When Boris Kodjoe arrives on In The Valley he begins with a single word: “Present.” He explains that “the past is over and the future isn’t guaranteed.” His episode, taped live during FII9 in Riyadh, marks a turning point for the series. Kodjoe is the first major diaspora figure to appear on a podcast already known across Africa and the Middle East for spotlighting founders and investors who are building real companies rather than rehearsing familiar hype cycles.

In The Valley has become one of the most focused platforms documenting African innovation across borders. The series is now stepping into the U.S. market with intentional pace. Created by  Silverbacks Holdings and hosted by Ibrahim Sagna, the show has grown into a cross-continental presence with measurable traction: 34 episodes, 50 guests and 18 million views across platforms. Its audience reflects the reality of modern movement. Capital, talent and creative IP now circulate between Accra, Lagos, Dubai, Riyadh, London and the United States in a weekly rhythm.

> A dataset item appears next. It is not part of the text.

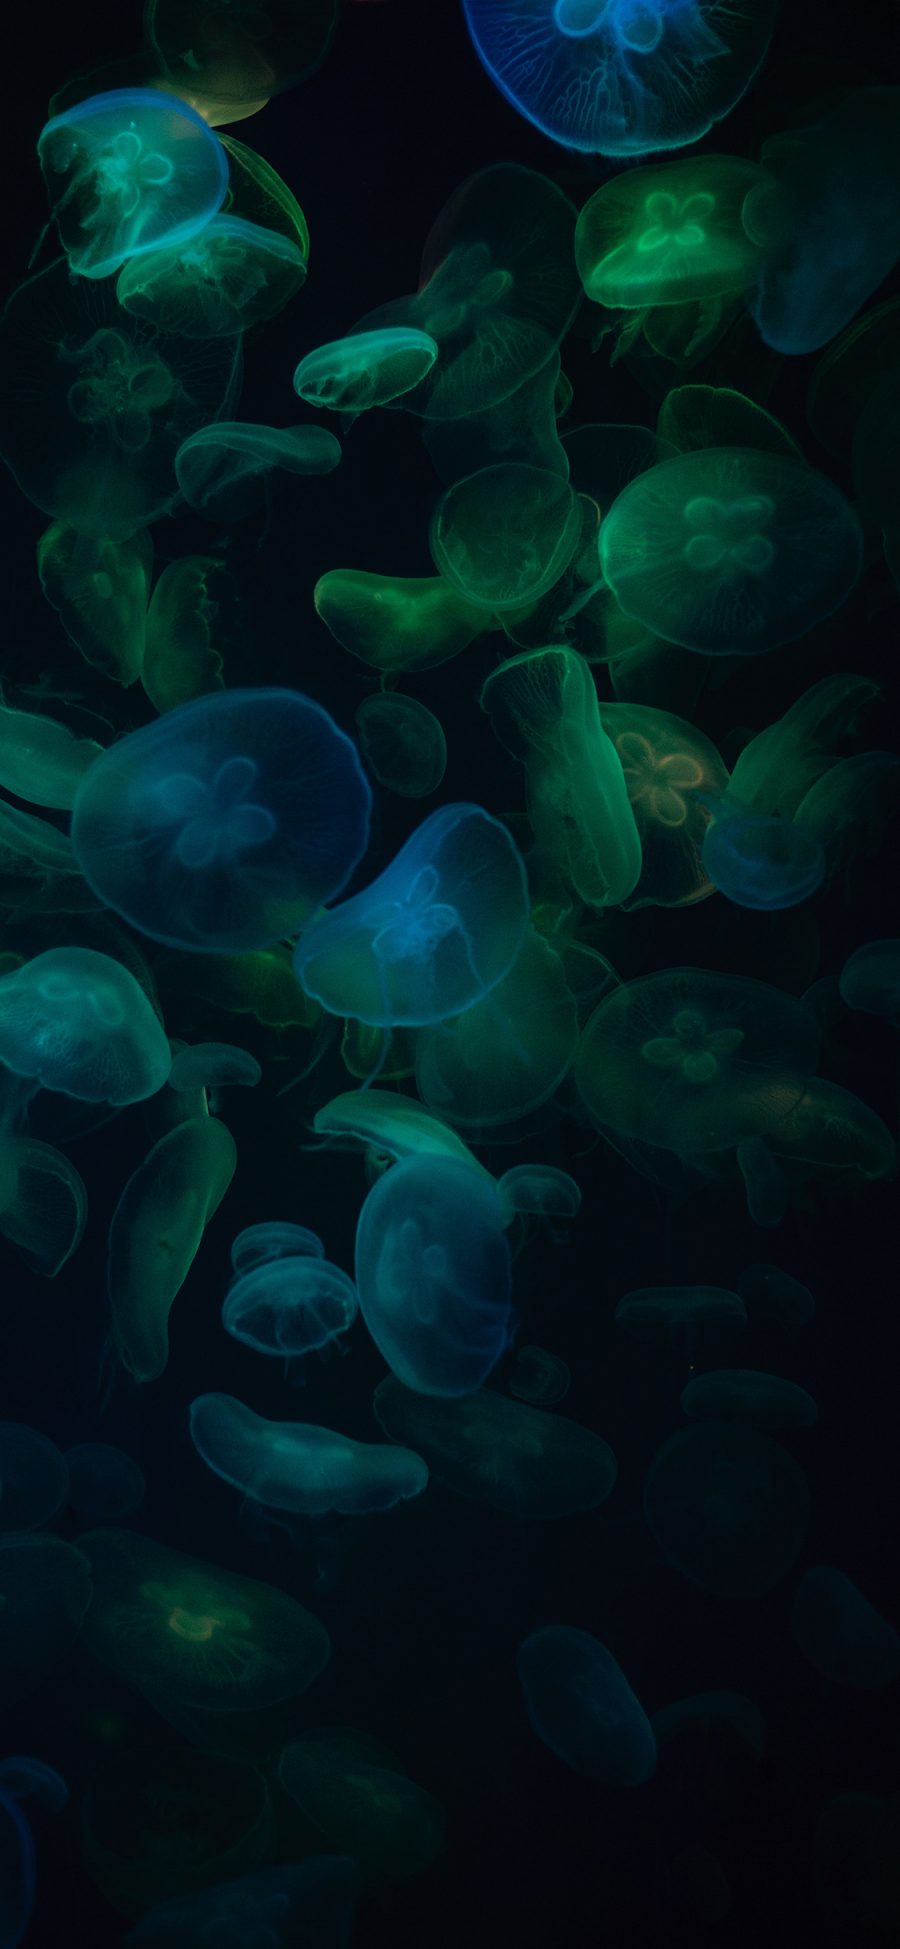 [2436×1125]水母 透明 密集 浮游 苹果手机壁纸图片

That momentum gives its U.S. expansion weight. Podcasting continues to climb as a global medium.  Backlinko’s industry review records the 2025 worldwide audience at 584.1 million listeners, a rise driven by video-led discovery and YouTube’s dominance among younger audiences. Kodjoe’s appearance sits at the intersection of that growth and the increased demand for accessible African innovation narratives in the United States.

Airlines have noticed the shift. The series was recently added to Qatar Airways’ in-flight entertainment roster, extending its reach to global travelers and business audiences who may not yet be inside Africa’s tech or creative landscape but are already shaped by it.

Kodjoe’s interview moves away from nostalgia and celebrity promo. He discusses identity, migration and creative work without leaning on spectacle. He speaks directly about the “ancestral power” that shapes him and describes his path from Germany to the United States in terms that reflect presence rather than performance. The tone aligns with listeners who expect clarity and context from the media they follow.

Kodjoe has been building global bridges long before this episode. His  Full Circle Africa  initiative brings leaders in business, sports and entertainment to Ghana to discuss investment and narrative ownership. It matches a broader shift in which diaspora networks are driving capital toward African creative industries, fintech and emerging technology. Analysts have pointed to Africa’s young, highly connected population as the engine behind that trend.

The episode’s value sits in its detail. Kodjoe speaks about African creators who are building animation studios, mobile fintech platforms and AI-driven creative companies that lower production barriers and protect ownership. He says the old studio model is over and that audiences consume content differently. African creators, he argues, are already designing systems that reflect how people watch, listen and share today.

For many U.S. viewers, this episode is their entry into In The Valley. It immediately clarifies that the show is not a celebrity podcast. It is a platform committed to serious, grounded conversations about Africa’s present and future, delivered by guests who understand what it means to build across borders.

The Kodjoe episode is the entry point for many Americans, but it is also a preview of the series’ wider ambitions. The platform is expanding at a moment when Africa’s creative influence and tech footprint continue to rise.